Testicular recurrence may present as a painless, firm enlargement of the testicle or may be detected by biopsy. If clinically evident unilateral testicular involvement is present, a biopsy of the other testicle should be performed. Treatment consists of radiation therapy to the affected testicles and systemic reinduction therapy, as for isolated central nervous system recurrence.

Treatment of acute lymphoblastic leukemia

The treatment protocol for acute lymphoblastic leukemia includes 4 phases: induction of remission, prevention of central nervous system damage, consolidation or intensification (after remission) and maintenance of remission.

Several regimens emphasize early use of intensive multidrug therapy. Remission-induction regimens include daily prednisone, weekly vincristine, and the addition of an anthracycline or aspartase. Other drugs and combinations used early in treatment include cytarabine and etoposide, and cyclophosphamide. Some regimens contain medium- or high-dose intravenous methotrexate with leucovorin used to reduce toxicity. Combinations and doses of drugs may be modified based on the presence of risk factors. Allogeneic stem cell transplantation is recommended for consolidation in Ph-positive acute lymphoblastic leukemia or for a second or subsequent relapse or remission.

The meninges are an important site of involvement in acute lymphoblastic leukemia; prophylaxis and treatment may include high-dose intrathecal methotrexate, cytarabine, and glucocorticoids. Cranial nerve or whole-brain irradiation may be required; these techniques are often used in patients with high-risk central nervous system involvement (eg, high white blood cell count, high serum lactate dehydrogenase, B-cell phenotype), but their prevalence has declined in recent years.

Most regimens include maintenance therapy with methotrexate and mercaptopurine. The duration of therapy is usually 2.5-3 years, but may be shorter with more intensive regimens in the early phases and in B-cell (L3) acute lymphoblastic leukemia. In patients with a remission duration of 2.5 years, the risk of relapse after stopping therapy is less than 20%. Relapse is usually recorded within a year.
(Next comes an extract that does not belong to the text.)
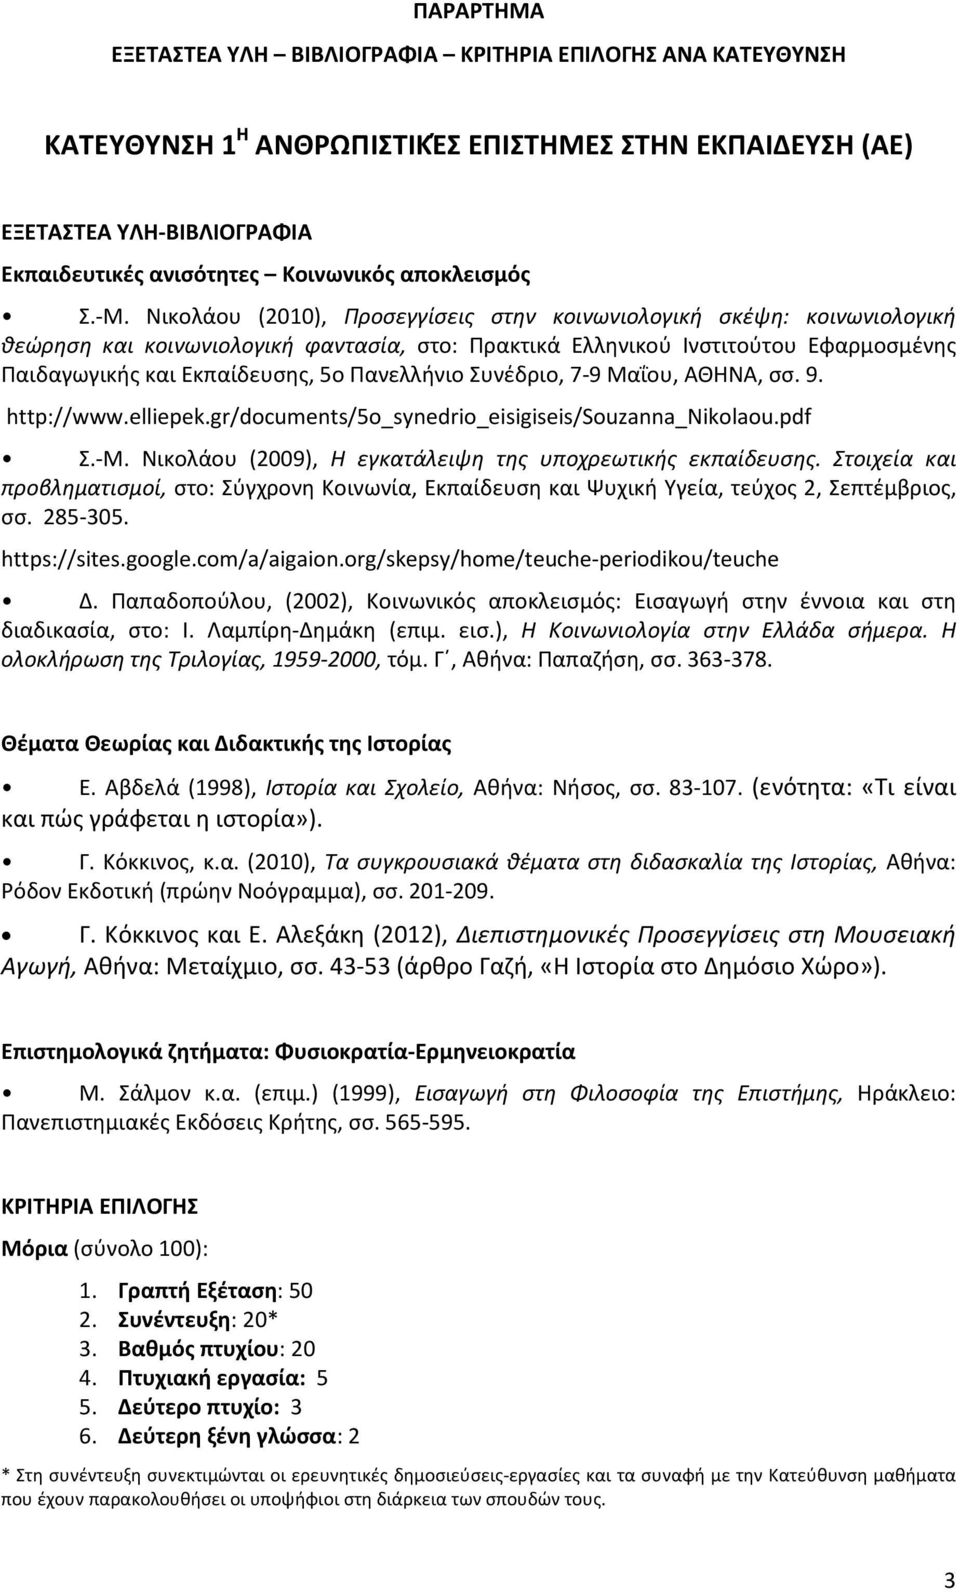 Πανελλήνιο Συνέδριο, 7-9 Μαΐου, ΑΘΗΝΑ, σσ. 9. http://www.elliepek.gr/documents/5o_synedrio_eisigiseis/souzanna_nikolaou.pdf Σ.-Μ. Νικολάου (2009), Η εγκατάλειψη της υποχρεωτικής εκπαίδευσης.

Thus, if treatment can be stopped, most patients are cured.

Prognosis of acute lymphoblastic leukemia

Prognostic factors help to more accurately determine the treatment protocol and its intensity. Favorable prognostic factors are age from 3 to 7 years, white blood cell count less than 25,000/μl, FAB L1 variant of acute lymphoblastic leukemia, leukemic cell karyotype with more than 50 chromosomes and t(12;21), no central nervous system involvement at diagnosis. Unfavorable factors are leukemic cell karyotype with normal chromosome number but abnormal morphology (pseudodiploid) or presence of Philadelphia chromosome t(9;22); advanced age in adults and B-cell immunophenotype with surface or cytoplasmic immunoglobulin.
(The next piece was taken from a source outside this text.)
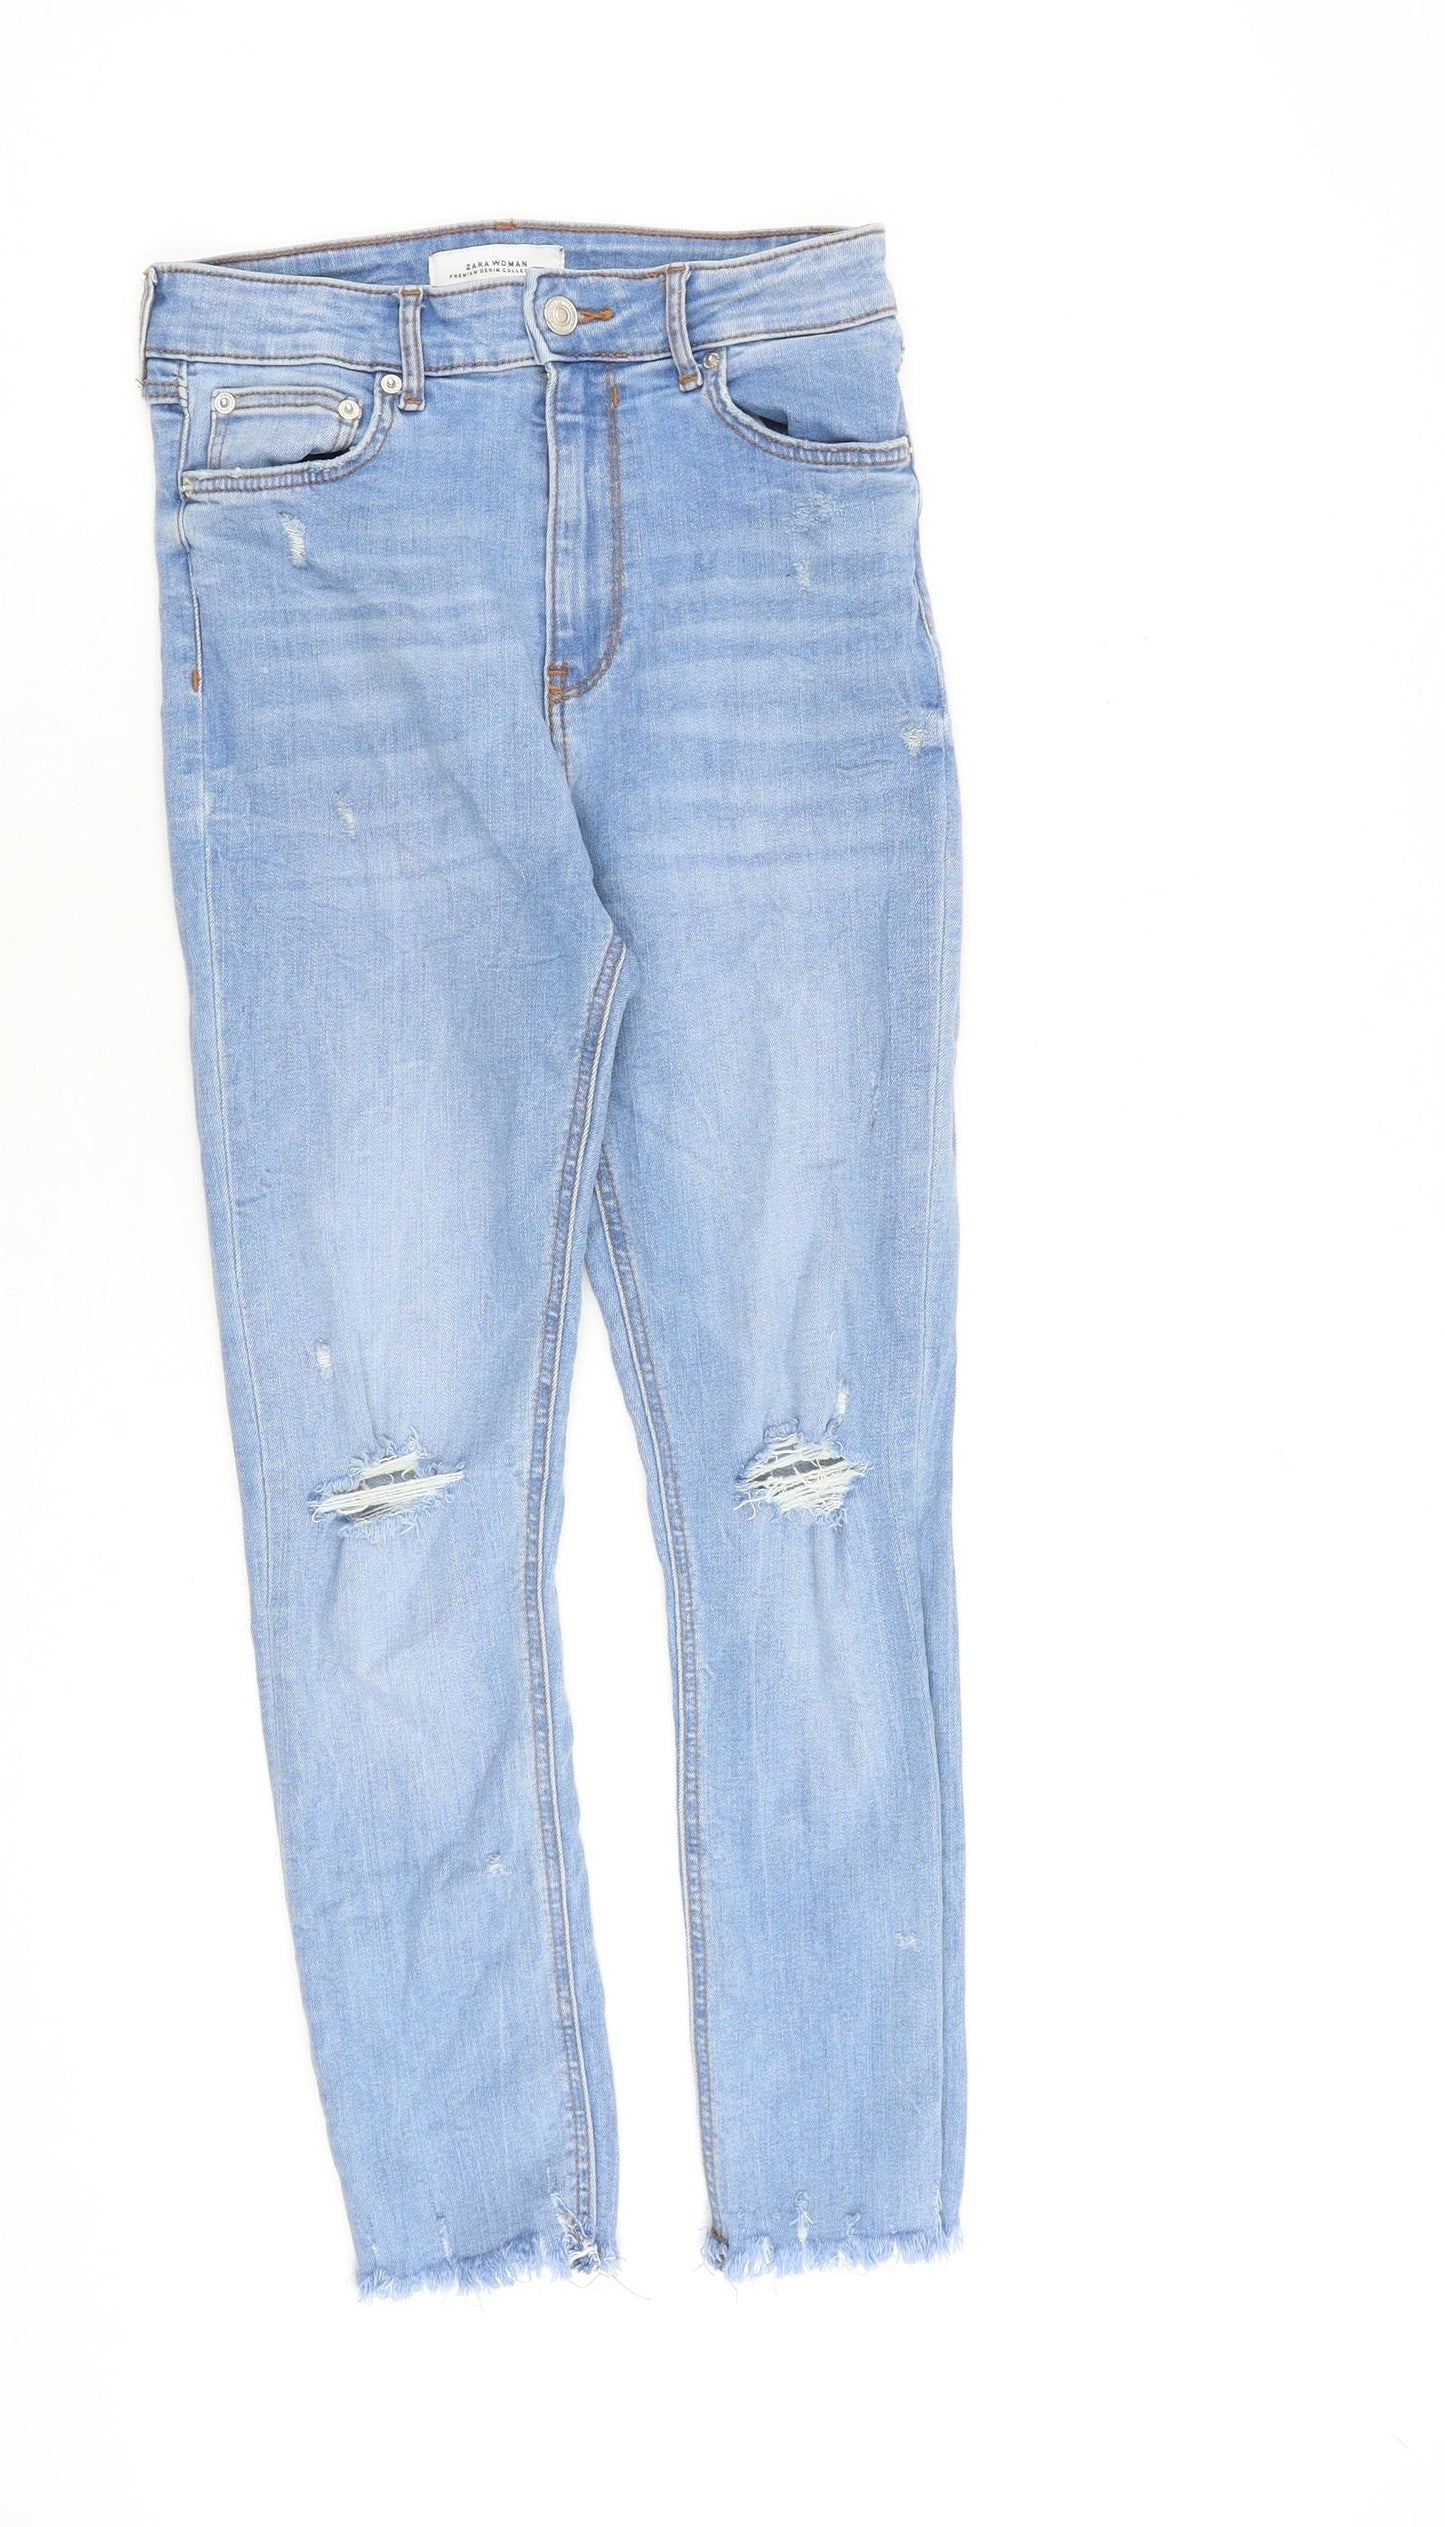 Zara Womens Blue Cotton Skinny Jeans Size 10 L26 in Regular Zip

Despite risk factors, the probability of achieving primary remission in children is over 95% and in adults 70-90%. Approximately three-quarters of children have significant disease-free duration of 5 years and are considered cured. Most protocols studied select patients with poor prognosis for more intensive treatment because the increased risk of treatment failure and subsequent death outweighs the increased risk and toxicity of therapy.